En 1964, je fais partie de la force de maintien de la paix des Casques bleus à Chypre. Peu avant mon départ, je me fiance avec Micheline qui sera mon épouse toute ma vie. Malgré la peine et le déchirement de la séparation, j’y reste neuf mois. Je vous rappelle que l’Internet et les téléphones intelligents n’existent pas… À mon retour, nous nous marions finalement, le 31 octobre. En oubliant que c’est aussi l’Halloween! Ça fait donc 56 ans que je suis déguisé en… époux!
Au moment de mon premier séjour à Chypre, nous sommes au début du conflit. Nous vivons des bombardements. La tension est palpable. Je m’en tire relativement bien. Mais c’est lors de mon deuxième séjour, en 1969, que tout bascule. Mon destin croise celui d’un officier destructeur : le Major Boiteau, dit « Scarface ». Son comportement à mon endroit est celui de ce que certains appellent aujourd’hui un « pervers narcissique ». Une personne qui s’efforce de détruire les autres pour compenser son manque d’estime de soi. Boiteau déteste les boxeurs. Peut-être est-ce un boxeur qui a marqué son visage de cette longue cicatrice qui lui vaut son surnom? Je ne sais pas. Tout ce que je sais, c’est que cet homme est la cause de la fin de ma carrière.

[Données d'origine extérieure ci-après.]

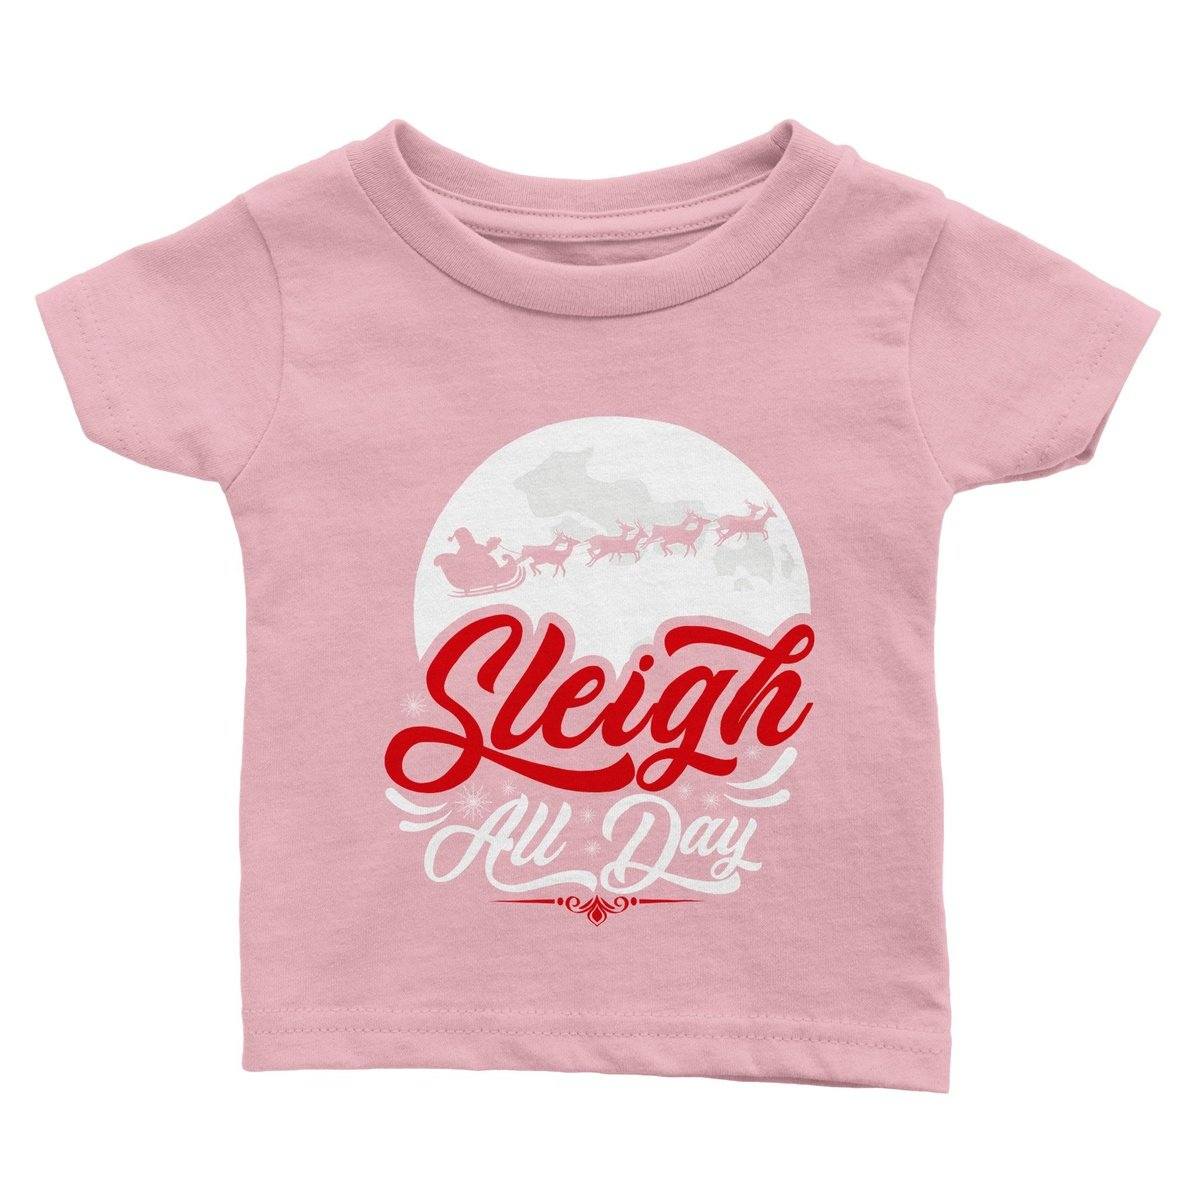 Sleigh All Day Baby T-Shirt Australia Online Color Pink / 6m

Durant cette mission à Chypre, nous pouvons avoir le privilège de faire venir notre épouse pour une semaine ou deux. Évidemment, il faut obtenir la permission de notre supérieur. Dans mon cas, Boiteau. L’un des soirs suivant cette première attaque personnelle et pernicieuse, Boiteau tente à nouveau de me déstabiliser en utilisant cette fois-ci un langage ordurier qui implique ma femme. Il me regarde et dit : « Imaginez vous donc. Monsieur s’ennuie de sa… plotte! » Oh, puis-je vous dire que j’ai senti les « fils se toucher »! Je lui répond : « Si votre femme est une plotte, la mienne n’en est pas une! ». M’ayant souvent menacé physiquement en se moquant de ma grandeur, je lui réplique aussi : « Viens essayer de me rentrer 15 pouces dans l’asphalte, si t’es capable! ». Je termine en disant : « J’en ai plus rien à faire de ton armée. Je démissionne ».

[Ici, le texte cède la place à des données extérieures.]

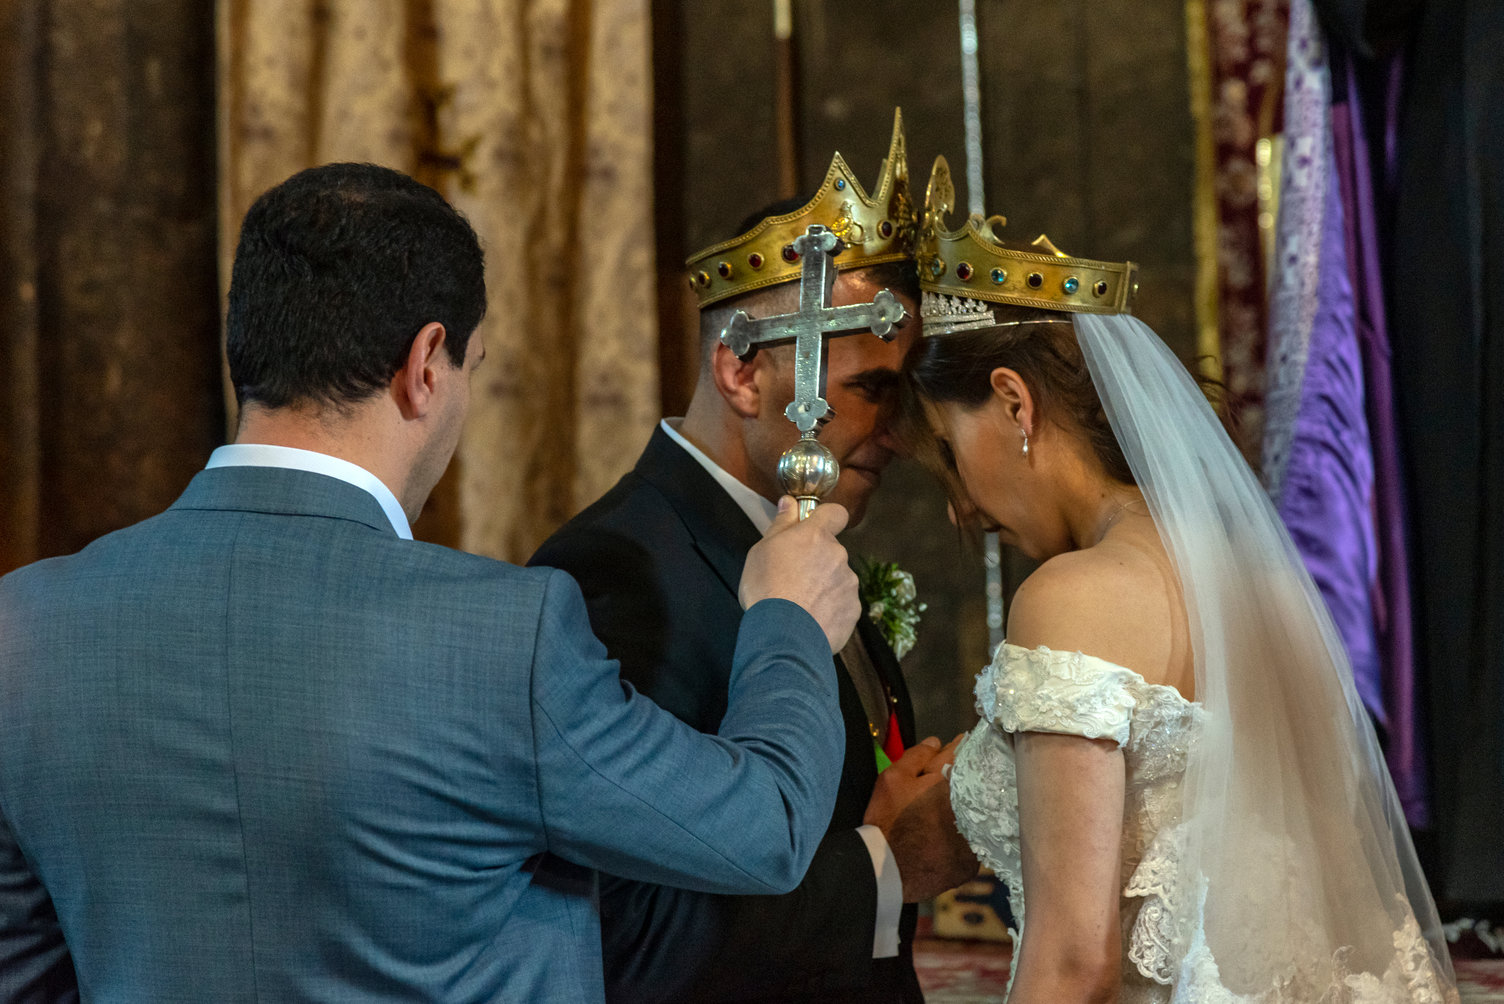 Who pays for an armenian wedding?

Évidemment, ce n’est pas aussi simple que ça : on me met immédiatement aux arrêts. Malgré toutes mes tentatives pour expliquer ma réaction et tenter de réparer les dégâts, et même si c’est la première fois qu’un blâme apparaît sur mon dossier, la hiérarchie militaire décide de croire la version mensongère de Boiteau (dans laquelle il me traite littéralement « d’endetté chronique » et de « monstre ») et décide de se débarrasser de moi. Ce qui est d’autant plus facile puisque que j’ai accepté de signer une lettre incriminante, rédigée par Boiteau lui-même, en anglais seulement (que je comprends peine à l’époque). Pour obtenir la permission de mon retour au Canada, Boiteau exige ma signature sur cette lettre, sans condition! Ai-je le choix?
À mon arrivée au pays, je dois démissionner et déménager ma famille de Valcartier. On me donne 1 500$. Ma carrière est terminée. Je quitte dans le déshonneur. Il me reste deux mois pour conclure mon service et atteindre les dix ans nécessaires pour obtenir ma pension… à laquelle je n’ai plus droit. Cet homme a brisé ma vie. Mais je dois tenir le coup pour assurer la survie de ma famille. Je trouve du travail et je tente de mettre ma rancoeur de côté… pendant 45 ans!
À partir de là, la reconstruction peut débuter. Du moins, c’est ce que je souhaite : faire le deuil et retrouver une certaine paix intérieure. Je commence donc une thérapie. Je vois aussi un psychiatre. Après un certain temps, malgré tous mes efforts, je constate une incapacité à m’en sortir. C’est alors que Madame McLeod, une membre de la Fondation des vétérans du Québec me parle du Programme de transition des vétérans (PTV). Je décide de m’inscrire et d’y participer en mars 2019. Cette retraite fermée m’apprend à.. m’ouvrir plus que jamais!
Première étape. Une conversation téléphonique d’une heure avec un psychologue qui évalue la gravité de notre trouble de stress post-traumatique (TSPT) et le bien fondé pour nous de suivre le programme.
Ensuite, une première fin de semaine qui débute le jeudi soir. Six hommes se retrouvent dans un lieu isolé et privilégié, encadrés par deux psychologue et deux « parrains ». Une première activité vise à briser la glace. Chacun se présente, parle de son passé, de ses expériences. Pour ma part, comme toujours, je me dissimule derrière mon masque de clown et je détend l’atmosphère avec quelques blagues.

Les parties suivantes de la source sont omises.